About this task
The entire listing, reproduced exactly and stripped of images, is the expected output.

Input data
• • •

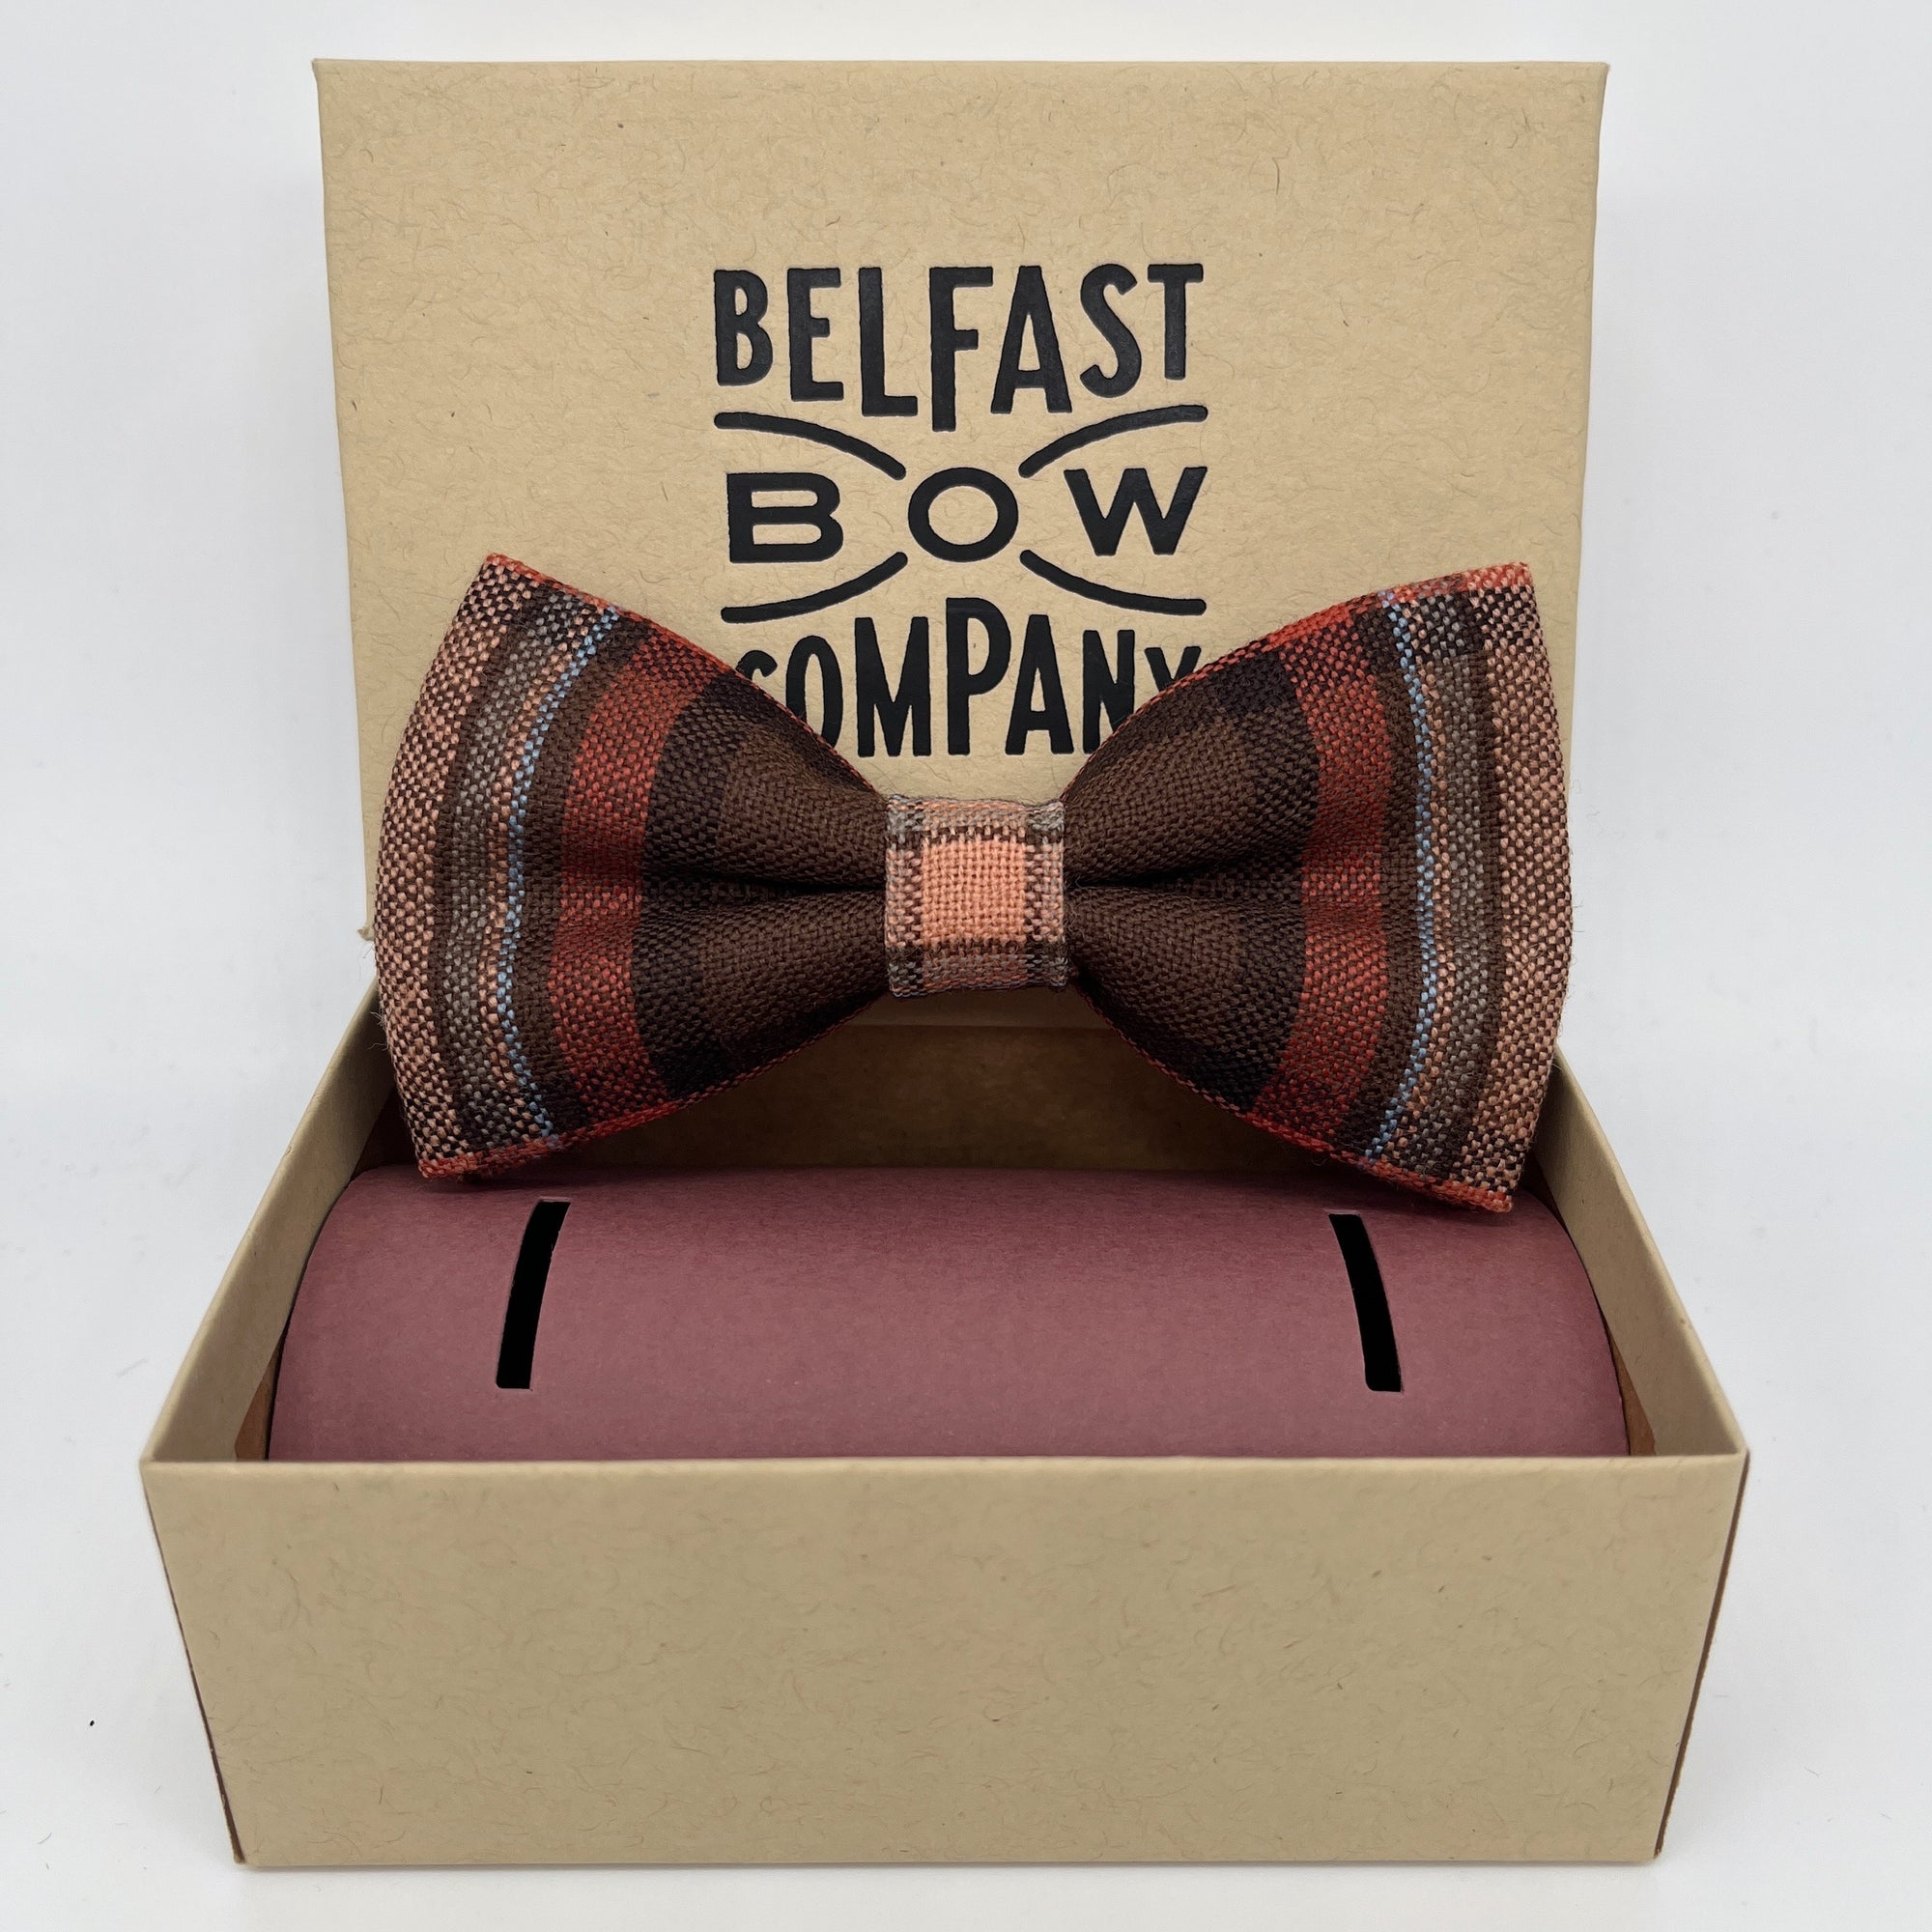 County Down Tartan Dickie Bow Tie by the Belfast Bow Company
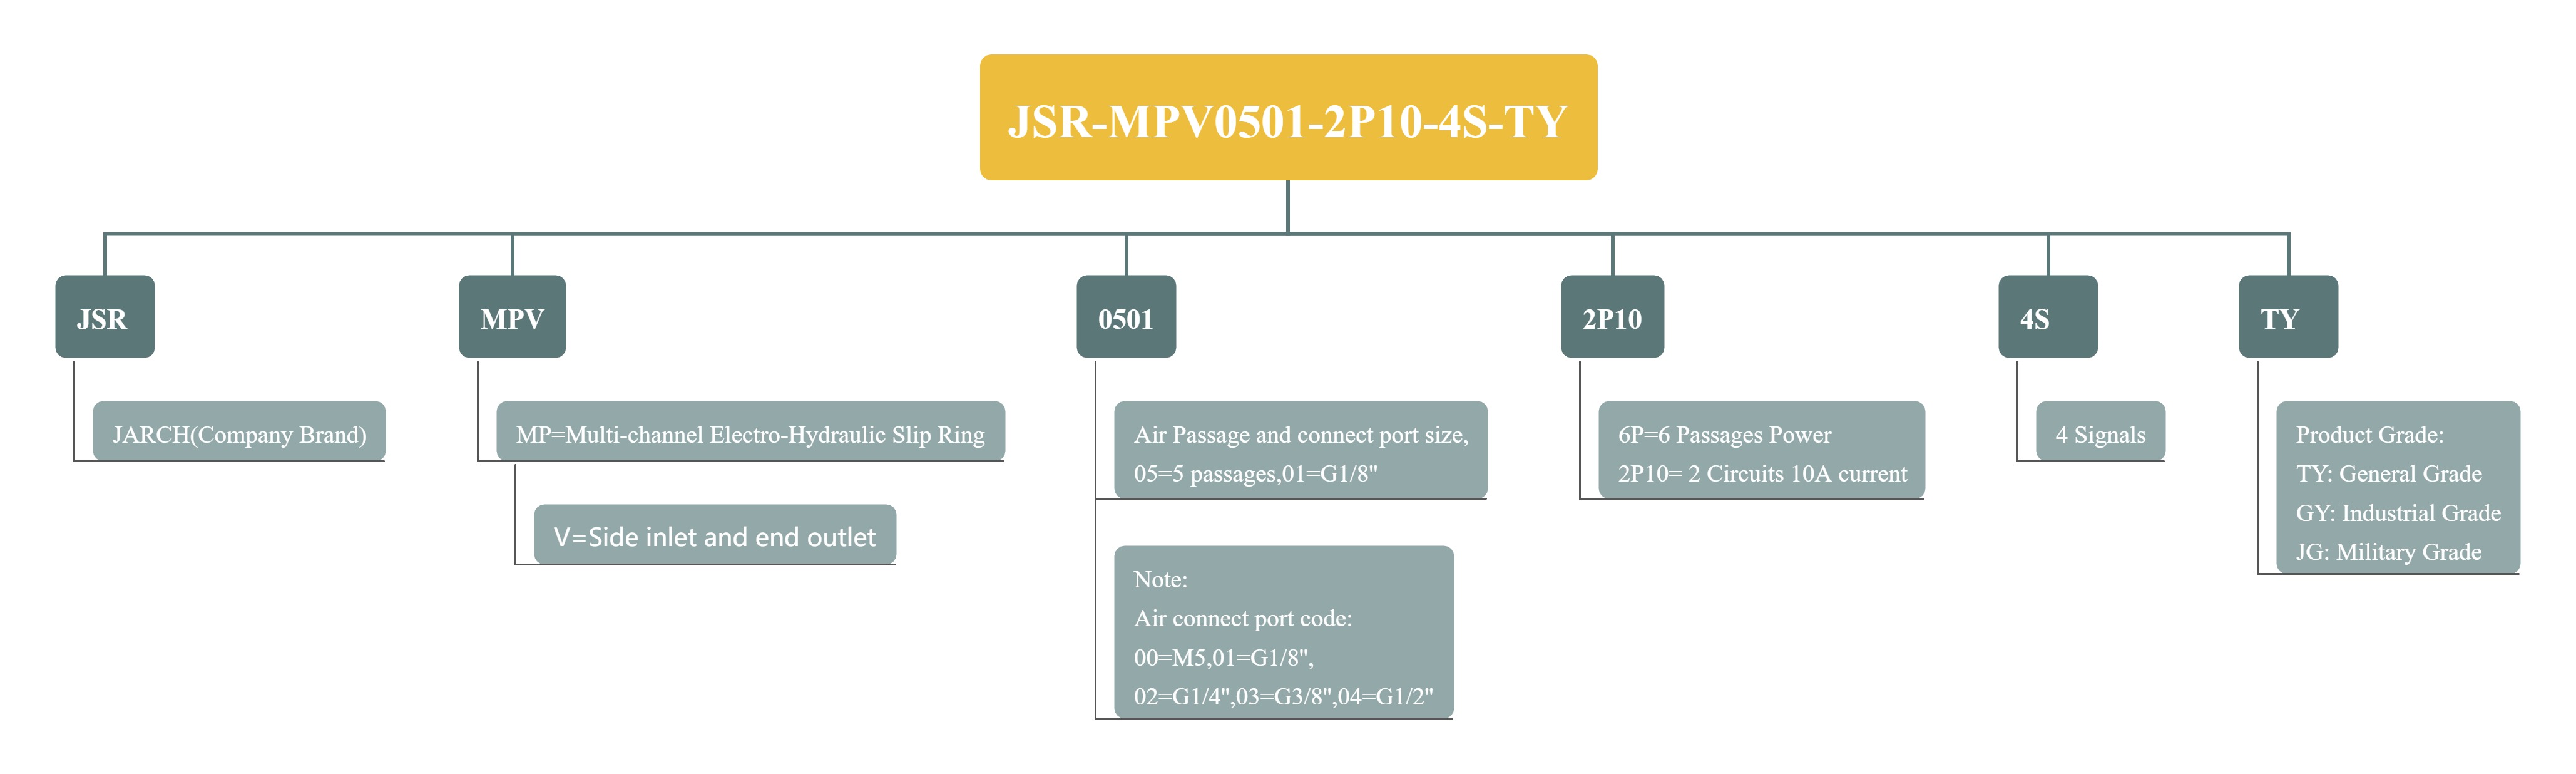 JSR-MPV0501-2P10-4S-TY.jpg
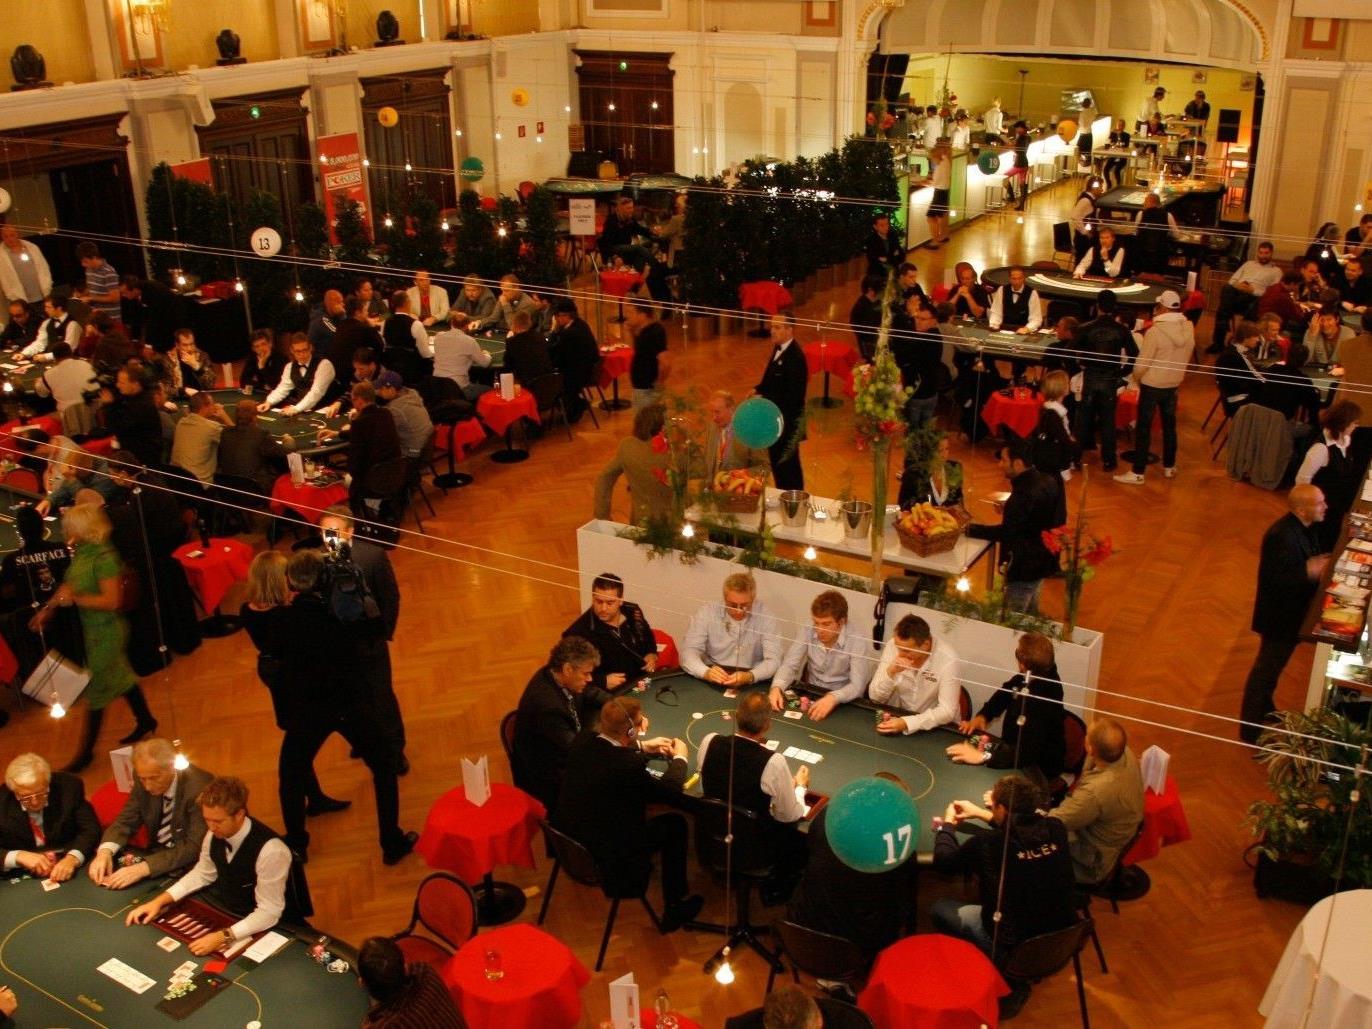 Am 25. Oktober 2012 startet die Poker-Europameisterschaft.

• • •

Answer section
 County Down Tartan Dickie Bow Tie by the Belfast Bow Company
 JSR-MPV0501-2P10-4S-TY.jpg
 Am 25. Oktober 2012 startet die Poker-Europameisterschaft.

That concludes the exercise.